Python package to download and filter GenBank database based on taxonomy

Project description

Taxonize_genbank

PyPI - Downloads

Taxonize_genbank is a Python package designed to simplify the process of downloading, filtering, and curating GenBank's non-redundant protein and nucleotide databases based on taxonomy IDs (TaxIDs) and/or specific keywords.
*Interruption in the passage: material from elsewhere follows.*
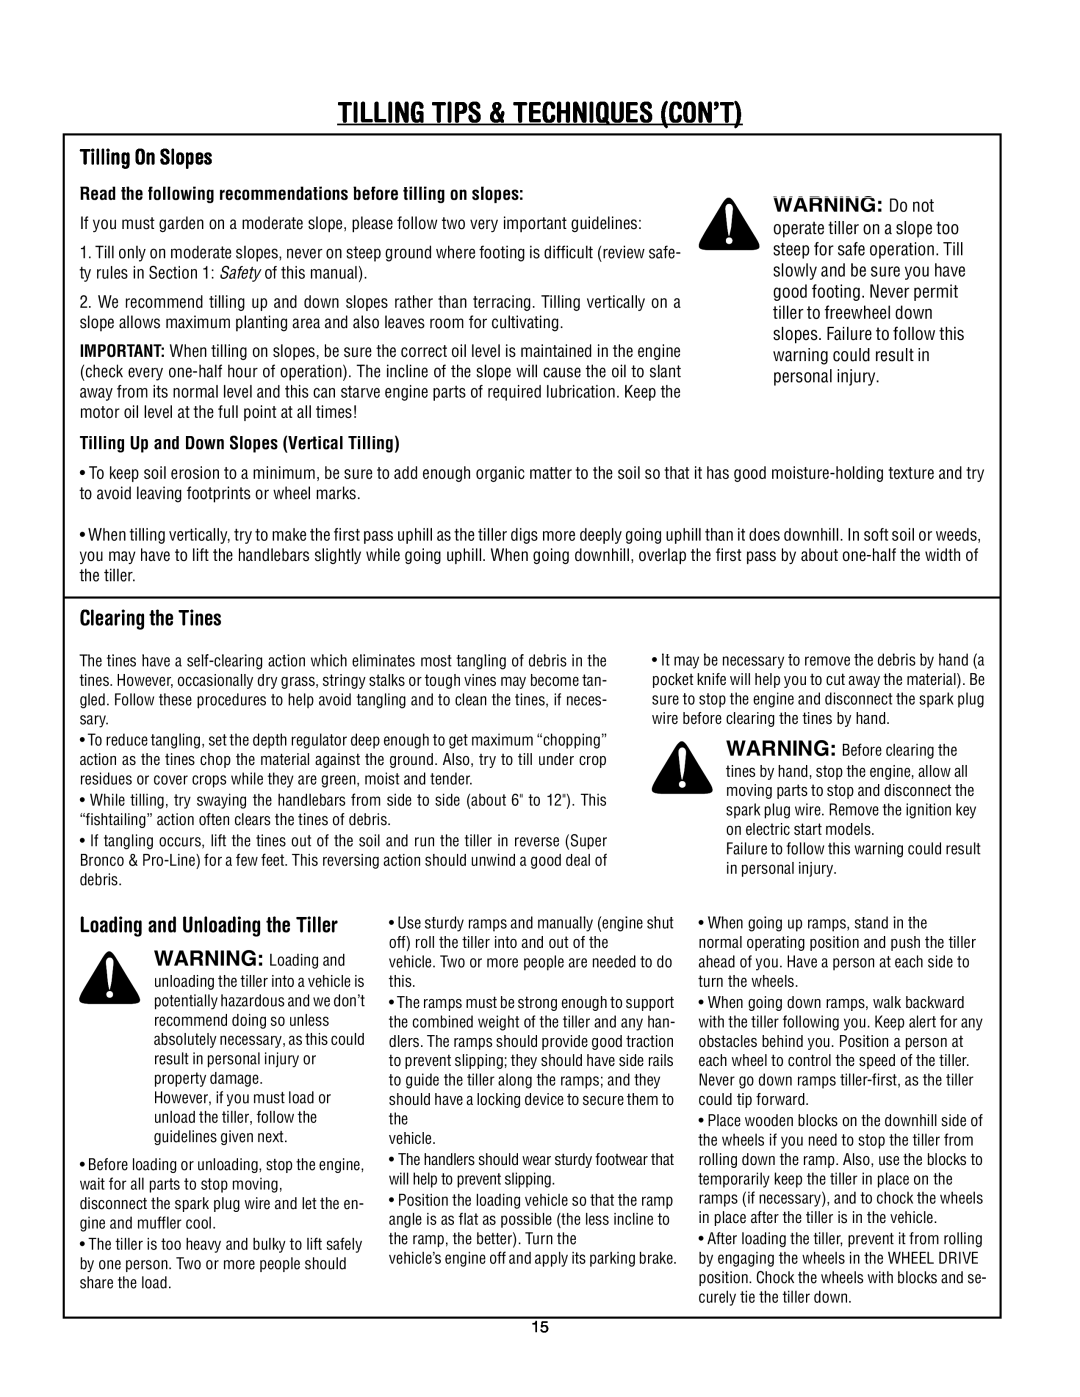 Troy-Bilt Super Bronco manual Tilling Tips & Techniques Con’T, Tilling On Slopes, WARNING Do not, Clearing the Tines

This tool is particularly useful for researchers working with large-scale genomic datasets who need to extract specific subsets of data.

The tool supports advanced filtering options, allowing users to:

  • Include Multiple TaxIDs: Extract sequences associated with multiple taxa by specifying a list of TaxIDs.
  • Exclude Specific TaxIDs: Remove unwanted or contaminant taxa from the dataset during filtering.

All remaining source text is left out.